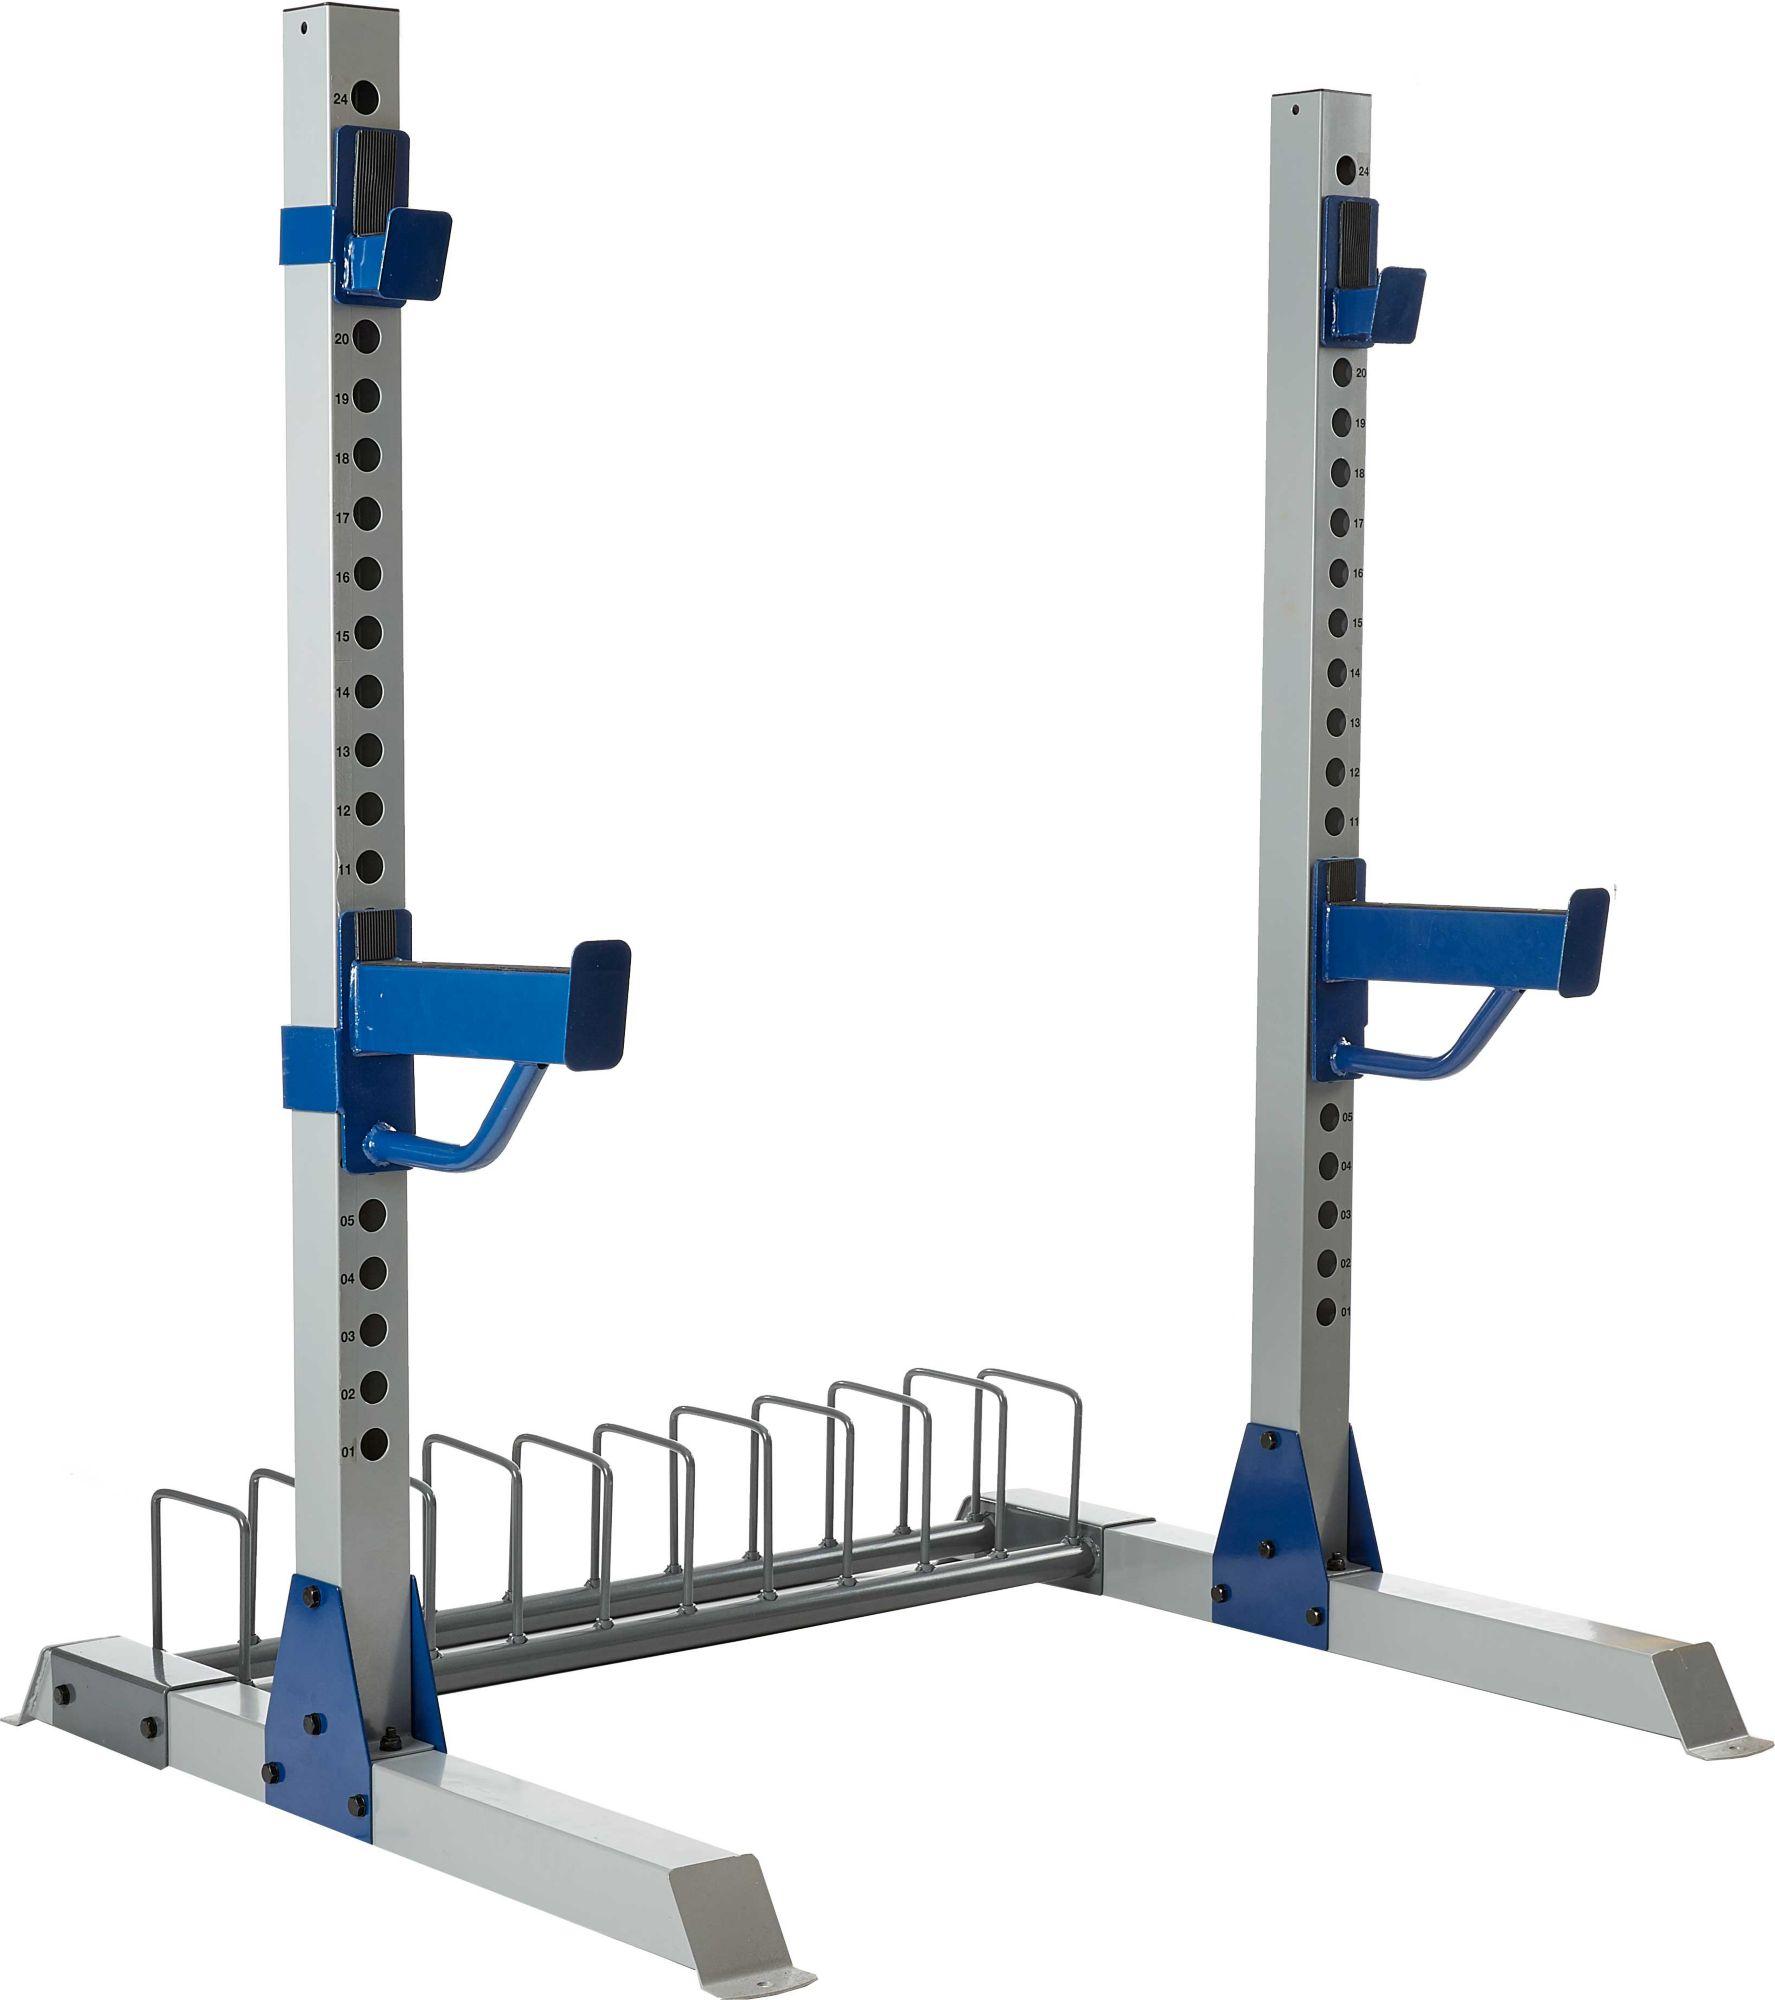 fitness-gear-brand-dicks-wisconsin
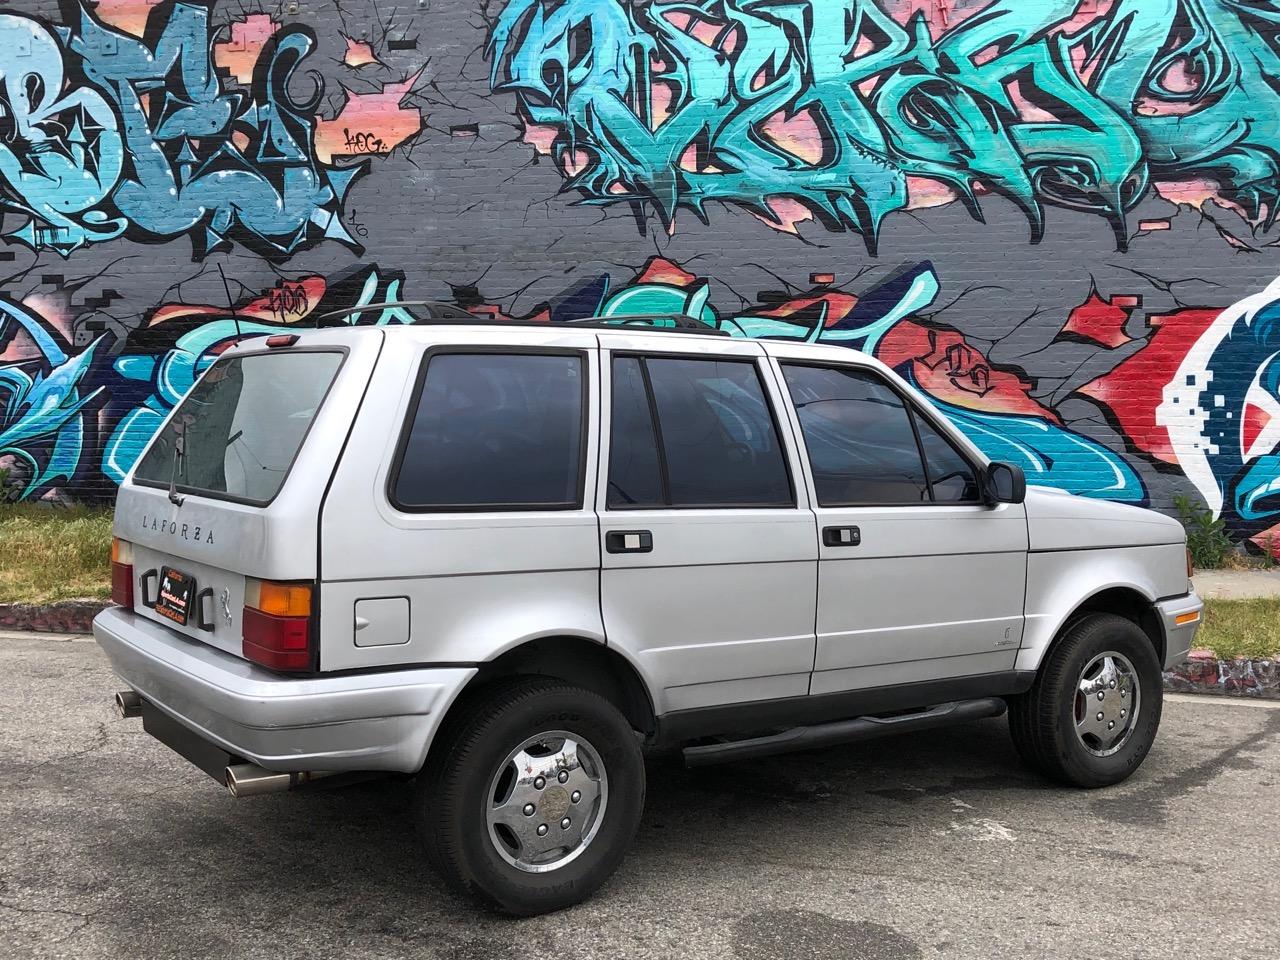 Used 1989 Laforza 50 4X4
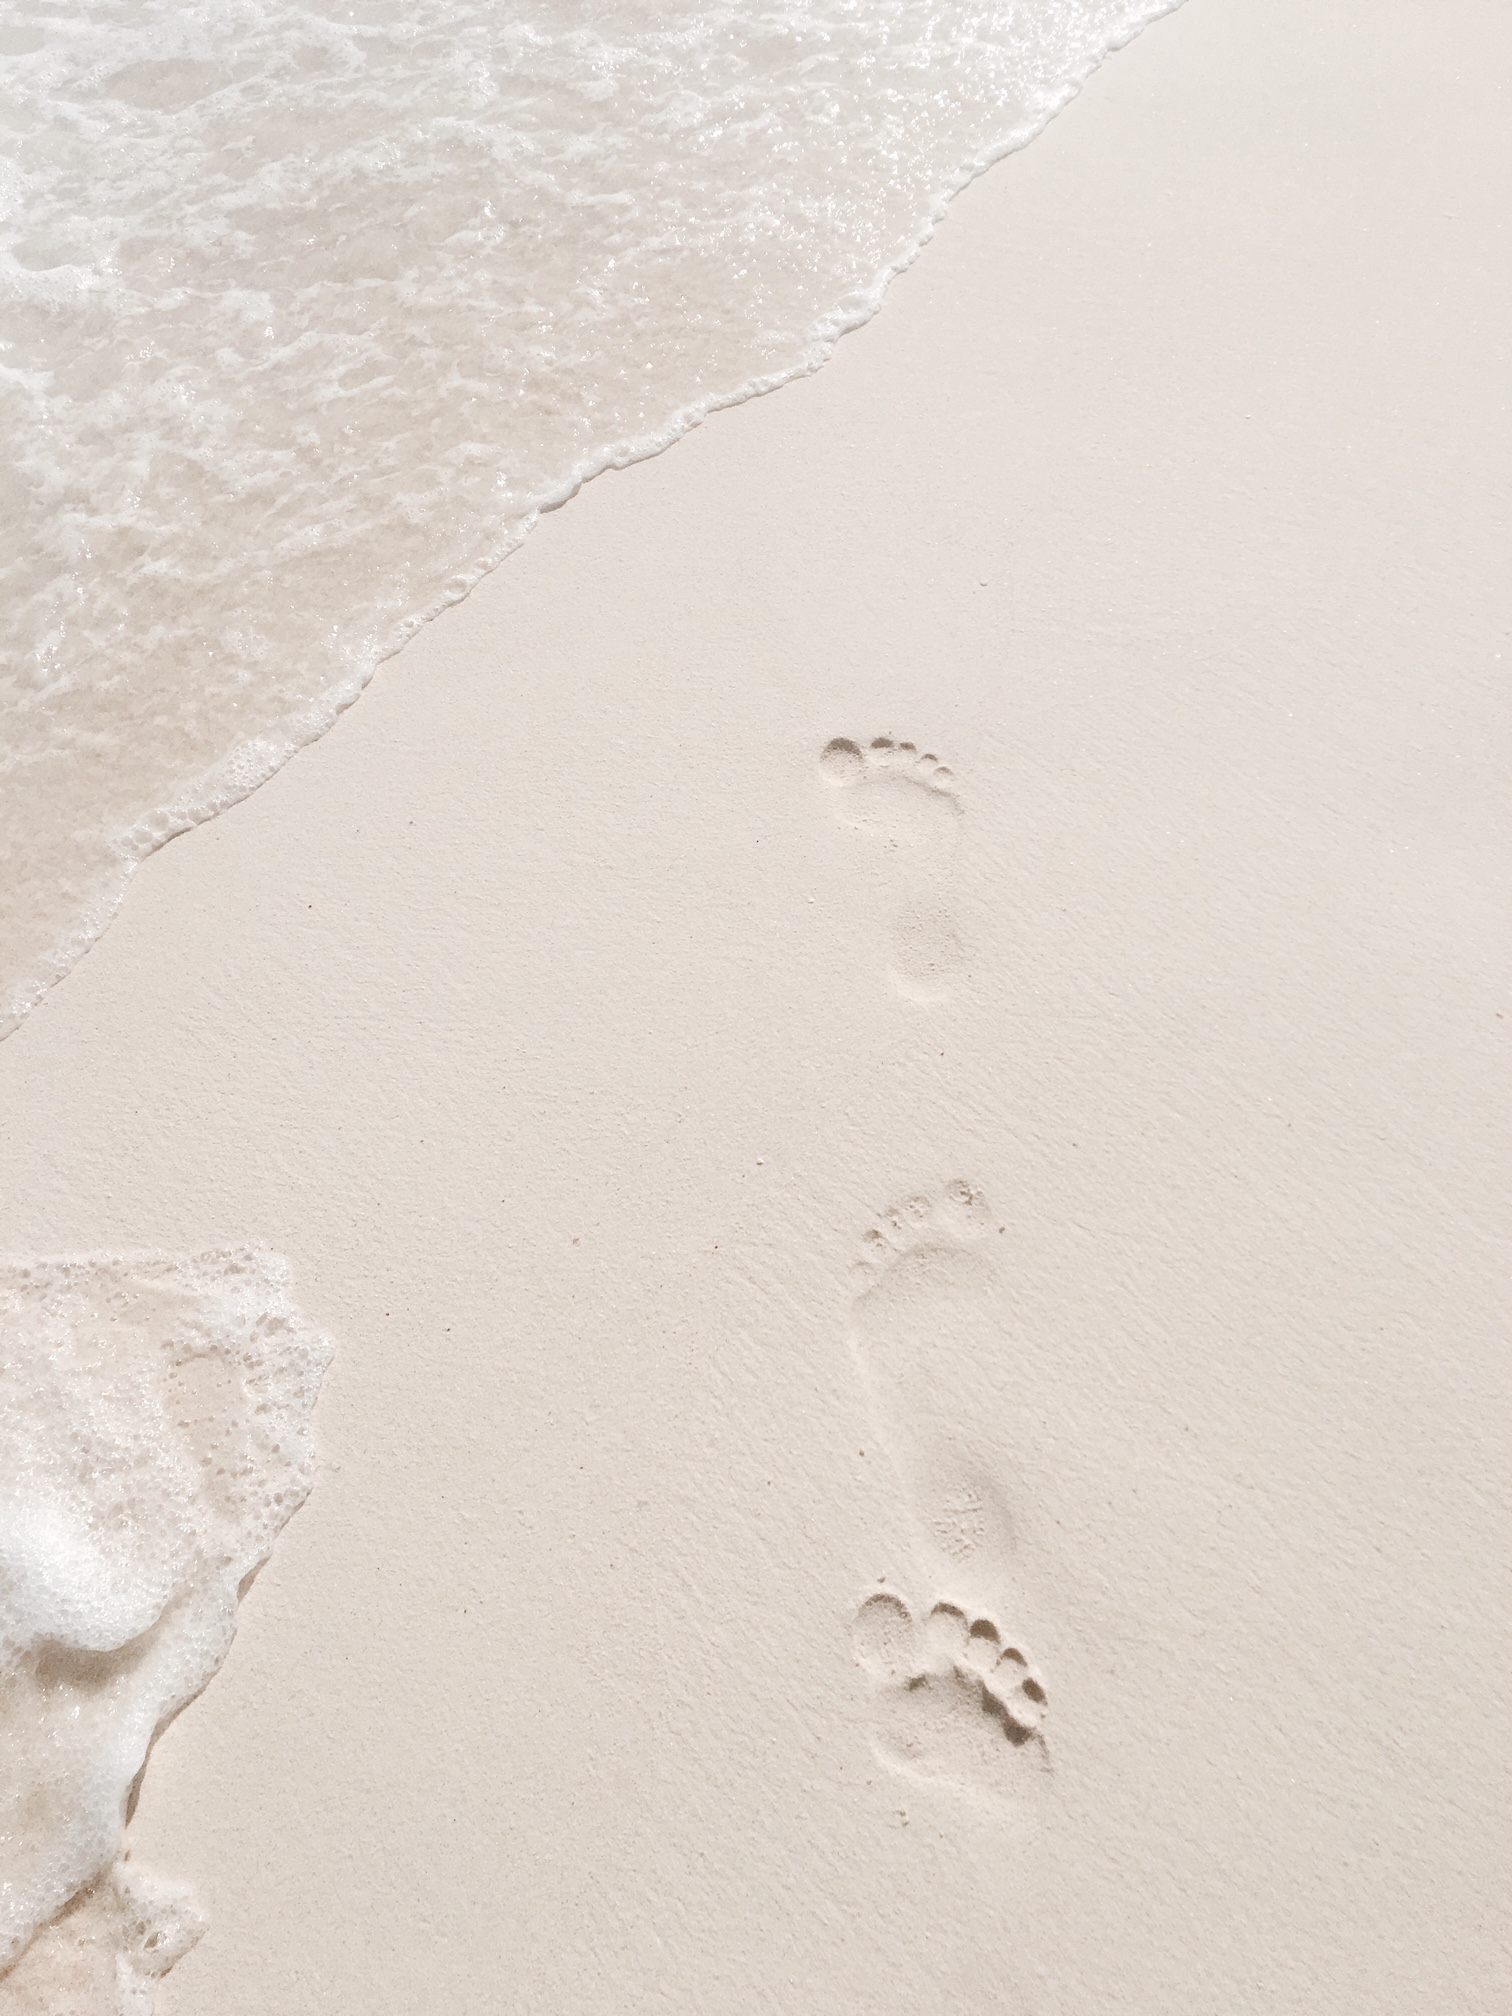 Toes in the Water   Aruba

What this task involves →
Please produce an exact copy of all the material, leaving out the pictures.

Answer box →
 fitness-gear-brand-dicks-wisconsin
 Used 1989 Laforza 50 4X4
 Toes in the Water   Aruba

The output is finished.